- Occupation: Filmmaker
- Spouse: Calvin Christian Madsen ​ ​(divorced)​
- Children: Michael Madsen; Virginia Madsen;
- Relatives: Christian Madsen (grandson)

= Elaine Madsen =

American filmmaker and author

Elaine Madsen is an American author and filmmaker. She won an Emmy Award in 1983 for producing the documentary Better Than It Has to Be.

==Personal life==
Madsen is divorced from Calvin Christian Madsen, a firefighter, with whom she had two children, actress Virginia Madsen and actor Michael Madsen. She originally embarked on a career in finance, later deciding to pursue more creative endeavors for herself. In the 1960s she became an acquaintance of Roger Ebert, who encouraged her to pursue a career in the film industry. Her grandson is actor Christian Madsen.

==Career==
In 1983, she produced a documentary titled Better Than It Has to Be, for which she won an Emmy Award. The documentary is about the history of filmmaking in the Chicago area. In 2007, Madsen co-authored with Douglass Stewart a book titled The Texan and the Dutch Gas.
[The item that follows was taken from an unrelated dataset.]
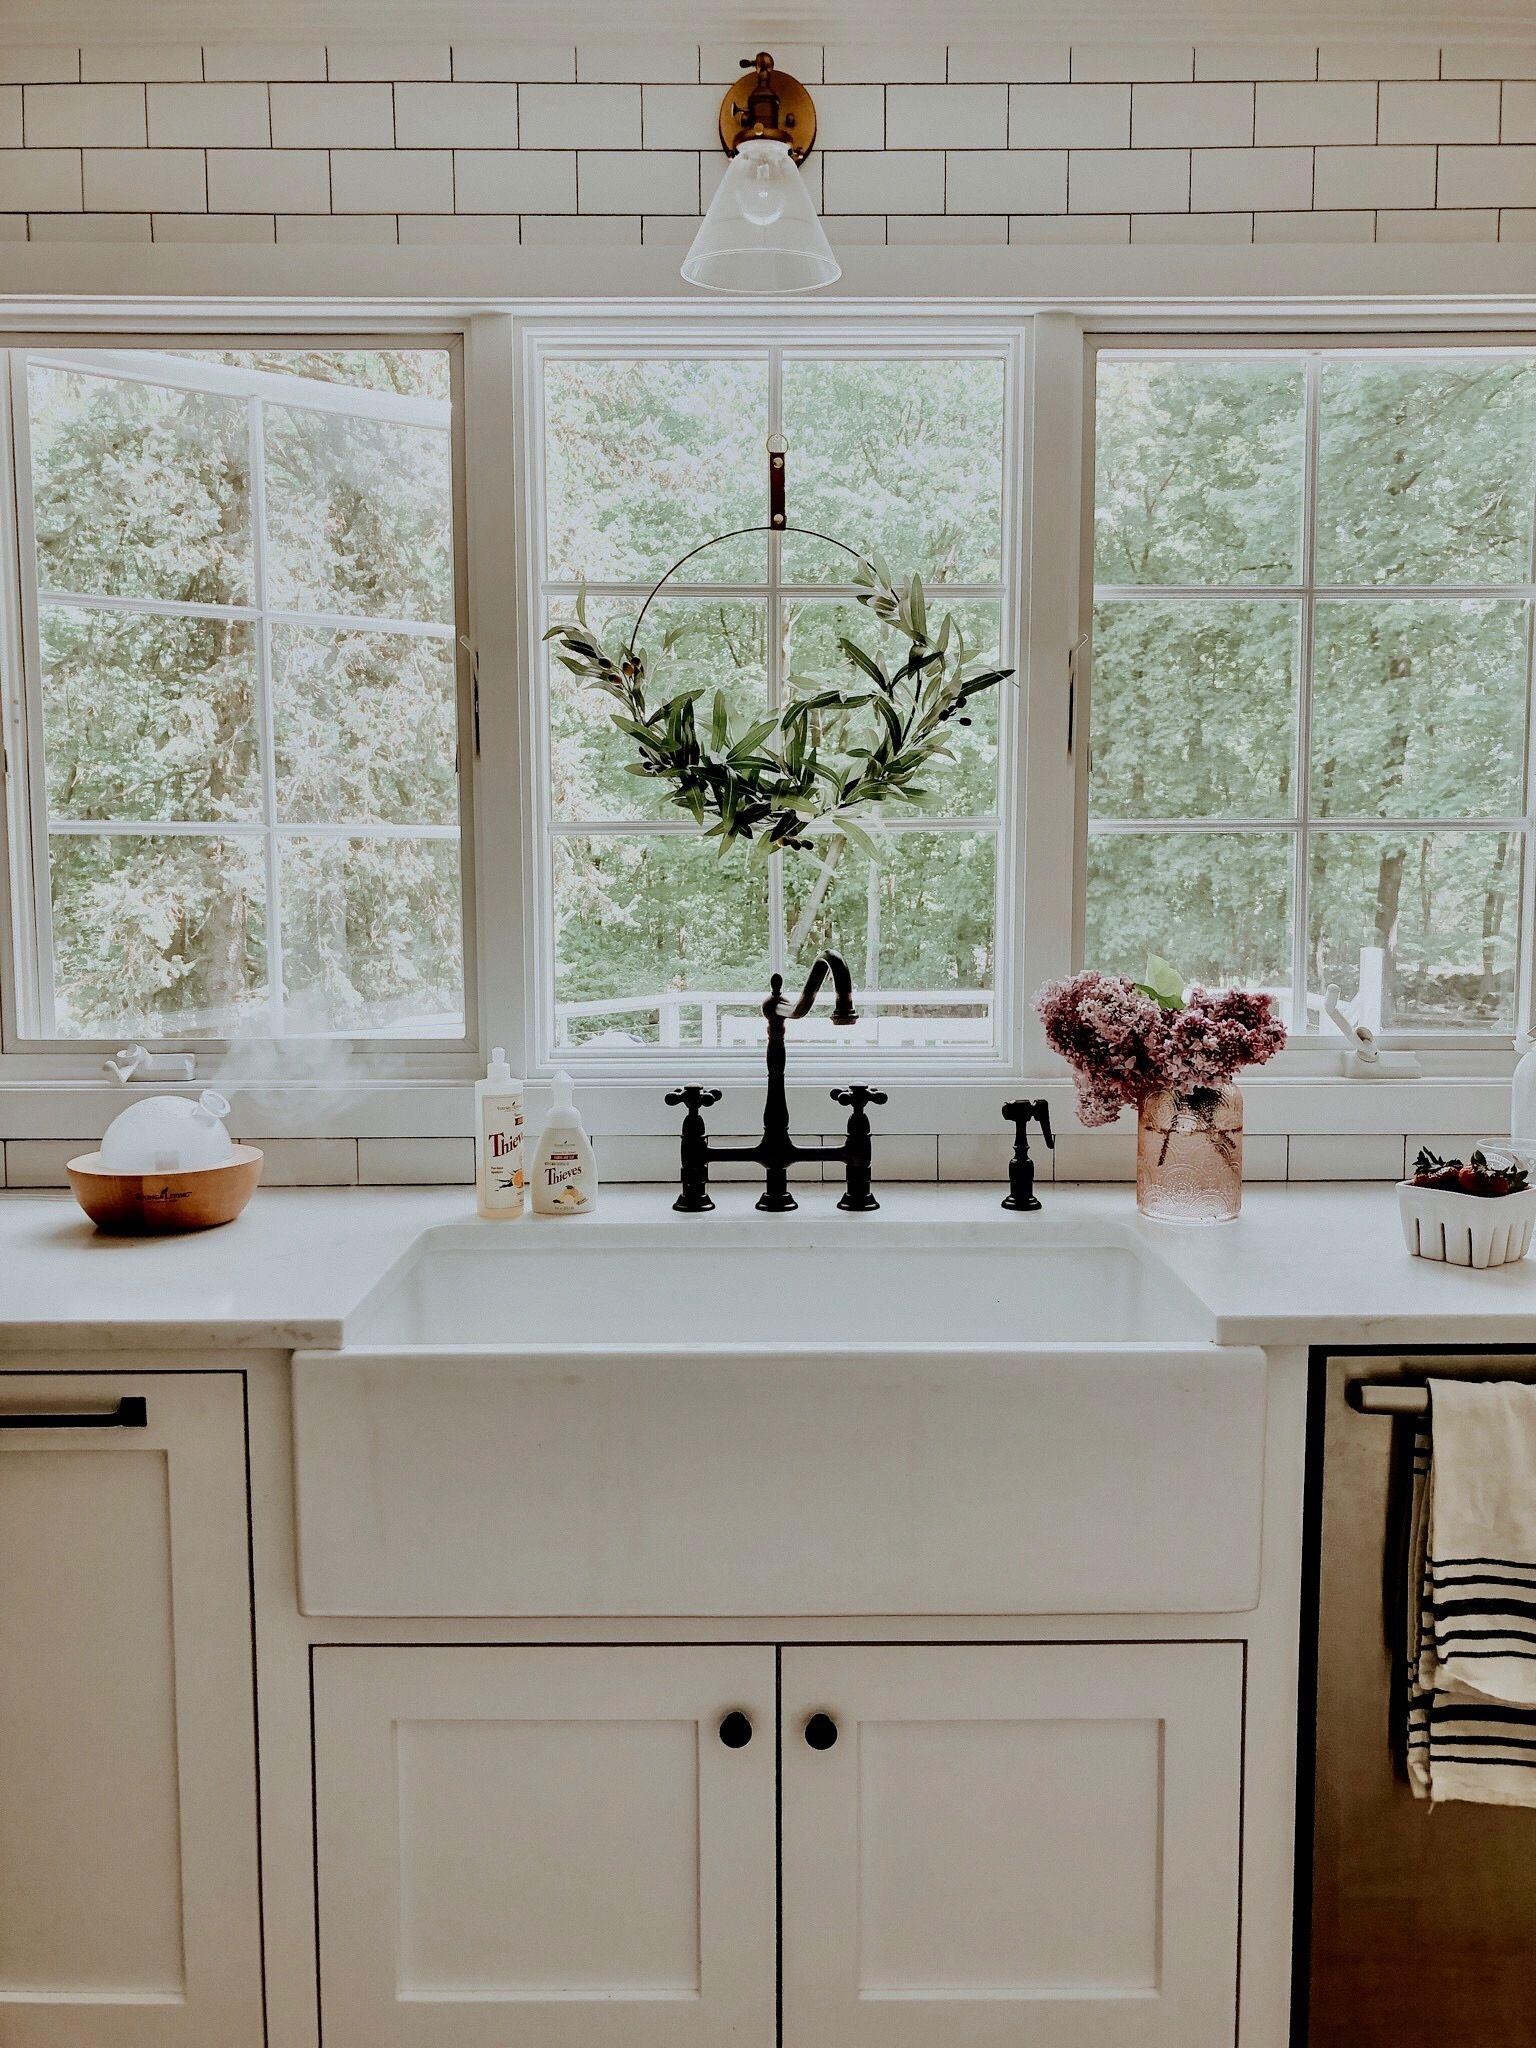 Modern farmhouse kitchen goals! ?: Pure Joy Home   Rustic ... on Farmhouse Kitchen Sink Ideas  id=34348

Madsen published a book of original poems titled Crayola Can't Make These Colors in 2009. She has written for several magazines and also spent time as a film critic. In 2009, she partnered with her daughter to produce and direct I Know a Woman Like That, a documentary featuring interviews with several women over 60 and how they defy age stereotypes. Featured interviews include Rita Moreno, Lauren Hutton, Elaine Kaufman, and Eartha Kitt. She works with her daughter's film production company, Title IX Productions. The name was chosen from the 1972 law that defends against gender discrimination.